To confirm functional target engagement in an animal disease model, we evaluated compound MK2009 in a mouse model of FOP at the University of Pennsylvania (Dr. Shore lab). This model was used due to its ability to measure inhibition of ALK2-mediated signaling in a disease relevant system. The objective was to evaluate the ability of M4K2009 to inhibit Acvr1R206H induced heterotopic ossification. Following dosing at 100mg/kg per day for 2 weeks in the R206H mutant mice, a significant reduction in the formation of the abnormal bone growth typical of the disease state was observed compared to the vehicle treatment. No adverse effects were observed from this study and evaluation of additional doses of M4K2009 as well as evaluation of other compounds is currently under consideration. As the mutations present in DIPG may not be exclusively the same as those in FOP, we are now considering how to test activity against other mutated forms of the target in vivo.
As a backup to the extensive work carried out on the lead series, we have also considered all the literature around ALK2 inhibitors that has been developed for FOP. As mentioned previously, many of these series consist of compounds that have properties that are not suitable for brain penetration. We have prepared samples from a number of these series to confirm the activity in our assay at Reaction Biology Corp.

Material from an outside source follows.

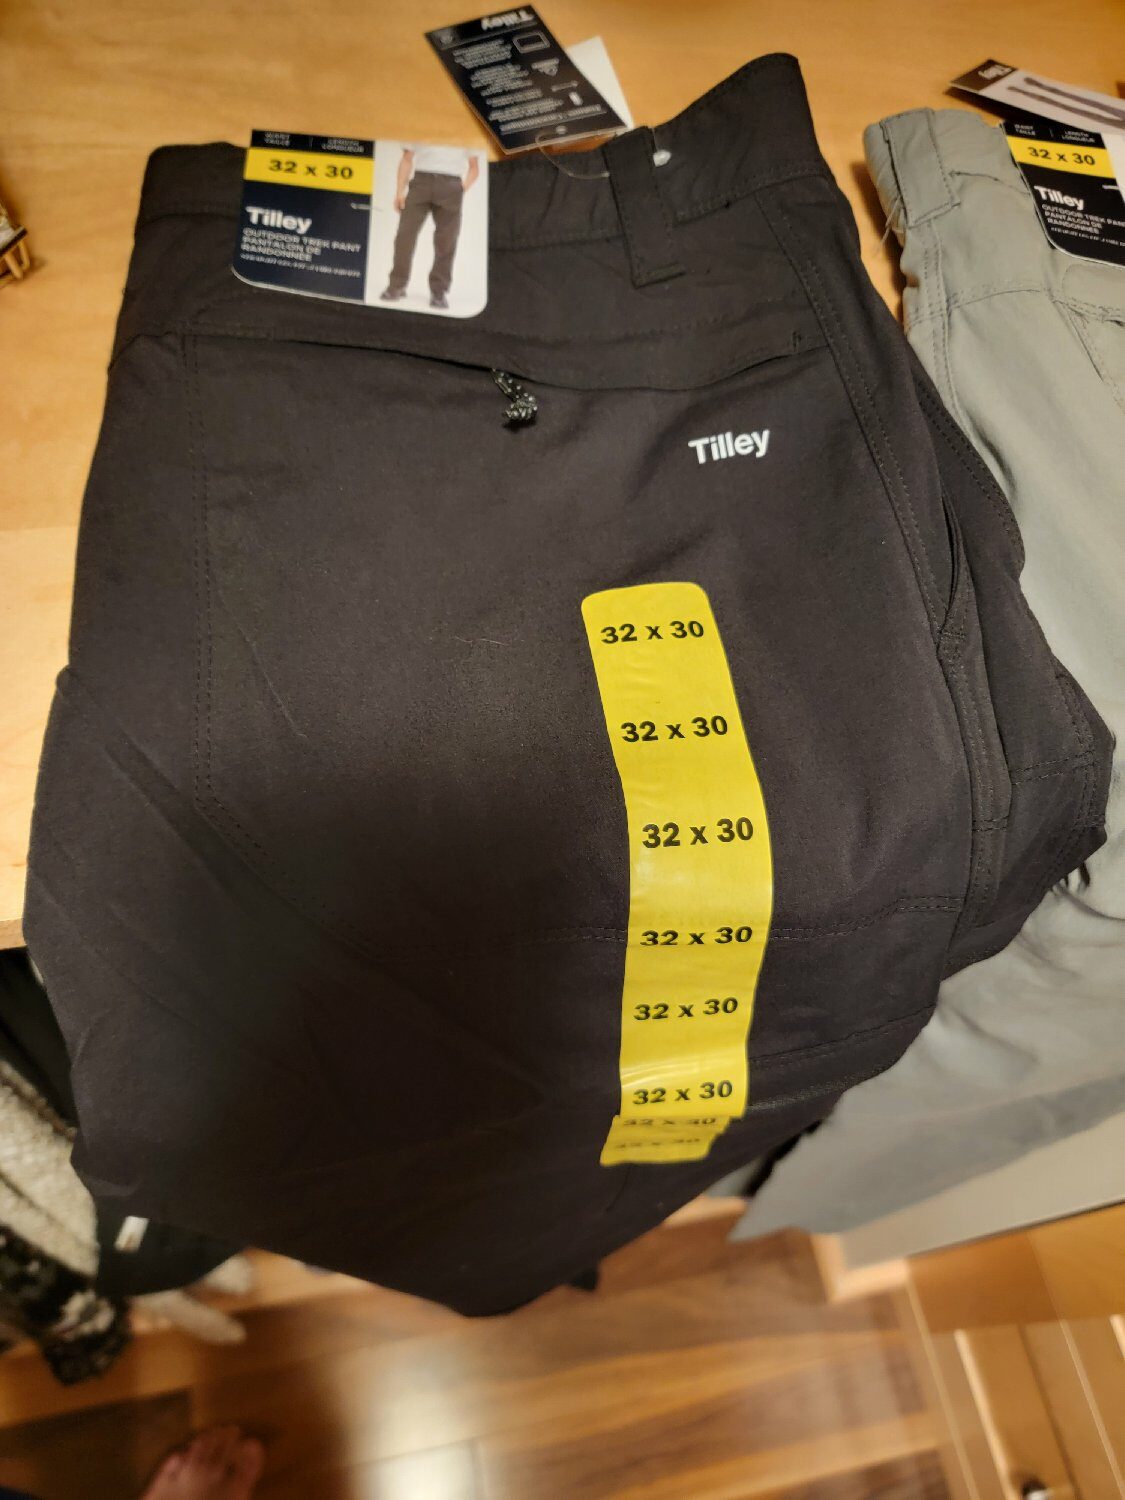 Costco] Tilley Outdoor Trek Pants - $18.99 in-store (sale price online  $22.99, regular price $28.99) - RedFlagDeals.com Forums

The main focus of our efforts has been around the series described in the BluePrint patent2. This provides compounds that are highly potent against ALK2 with excellent selectivity over ALK5, as demonstrated by BLU-782, presumed to be a compound from this patent, which has recently entered Phase 1 as a potential treatment for FOP. However, the one compound evaluated in vivo shows poor cell permeability and lacks brain penetration. We are now using this series as a starting point and using a multi-parameter optimization approach to identify a new series with the desired properties to enhance brain penetration.

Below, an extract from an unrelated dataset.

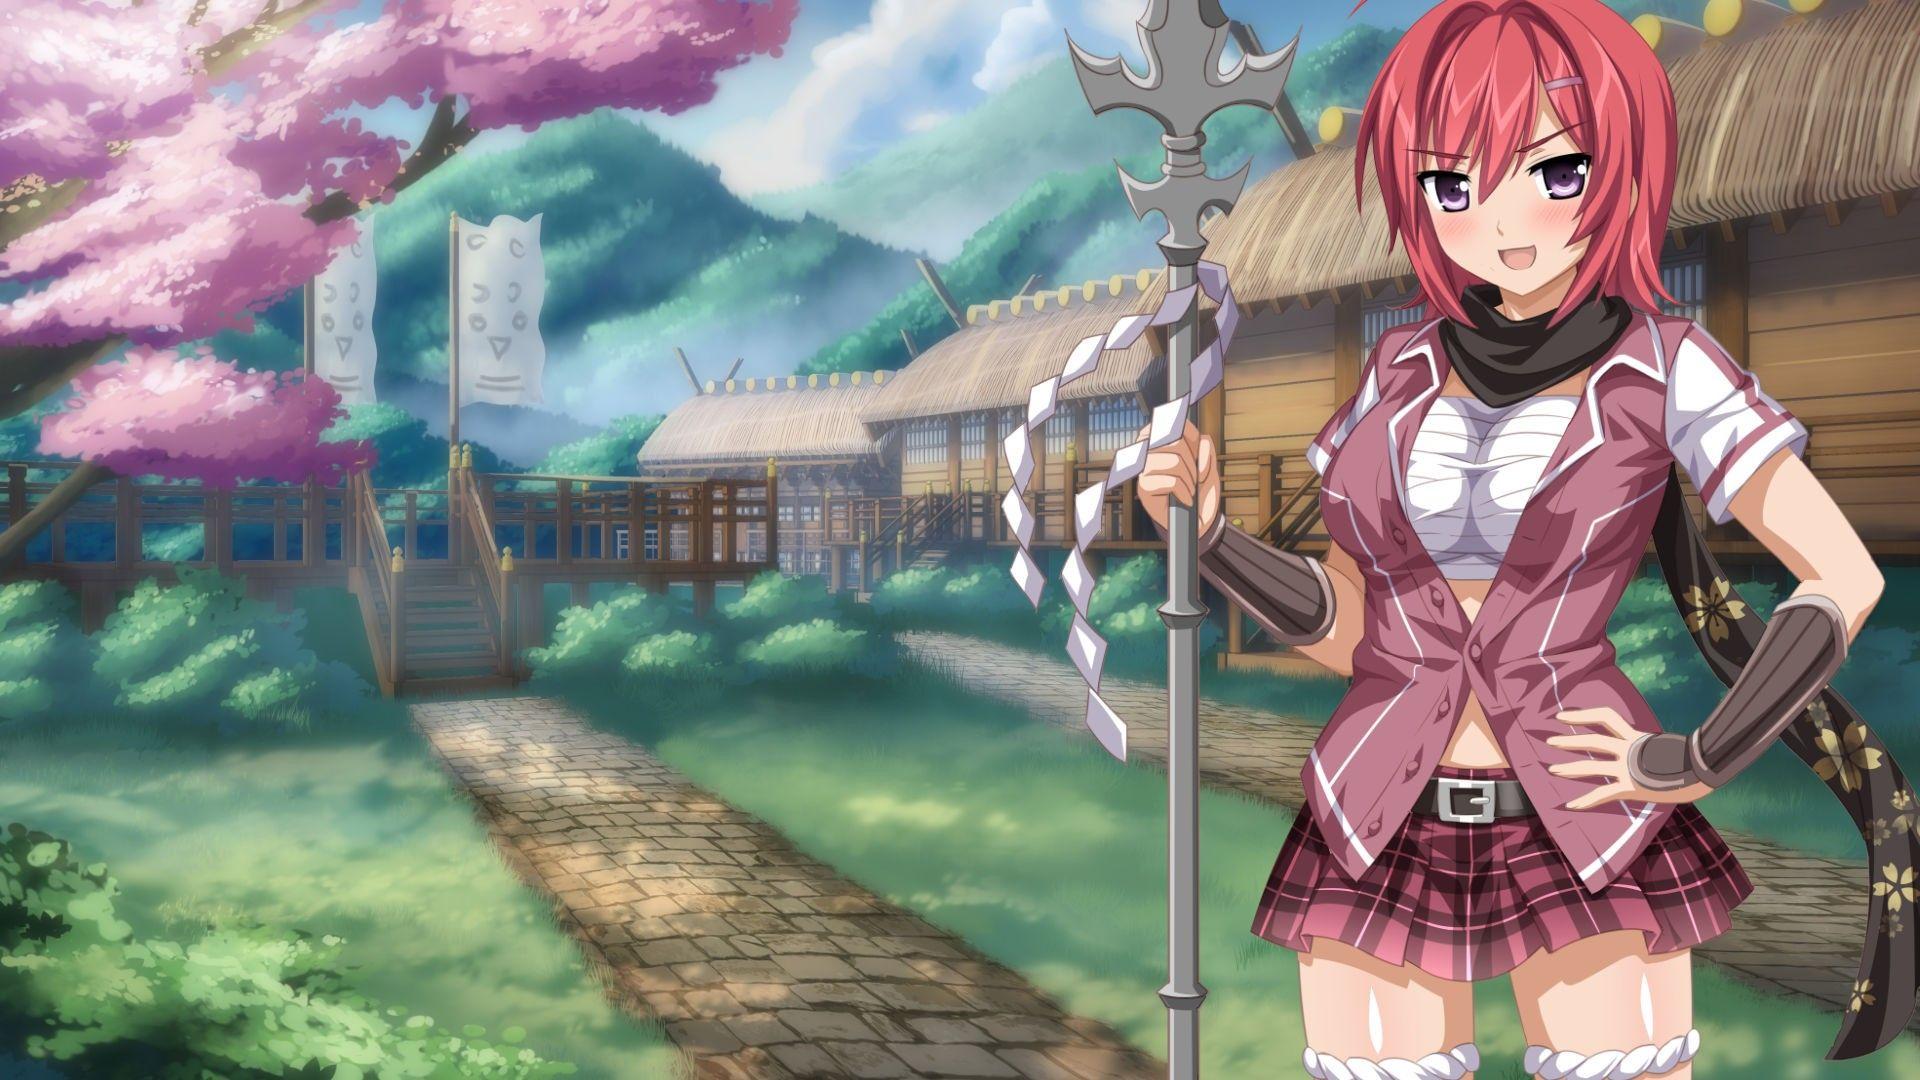 Wallpaper, anime girls, mythology, ecchi, Sakura Spirit, screenshot

In conclusion, identification of the early lead has allowed the project to progress through to the current stage in less than 18 months. Adoption of the Open Science approach to drug discovery has allowed input into our project from a wide variety of different organizations, from academics to large pharma, providing help and guidance to progress the project through to a proof-of-concept animal disease model. Progression through the next stages of the project remain to be validated within the Open Science framework so that we can reach the market place a soon as possible with a drug for these children who currently face no future.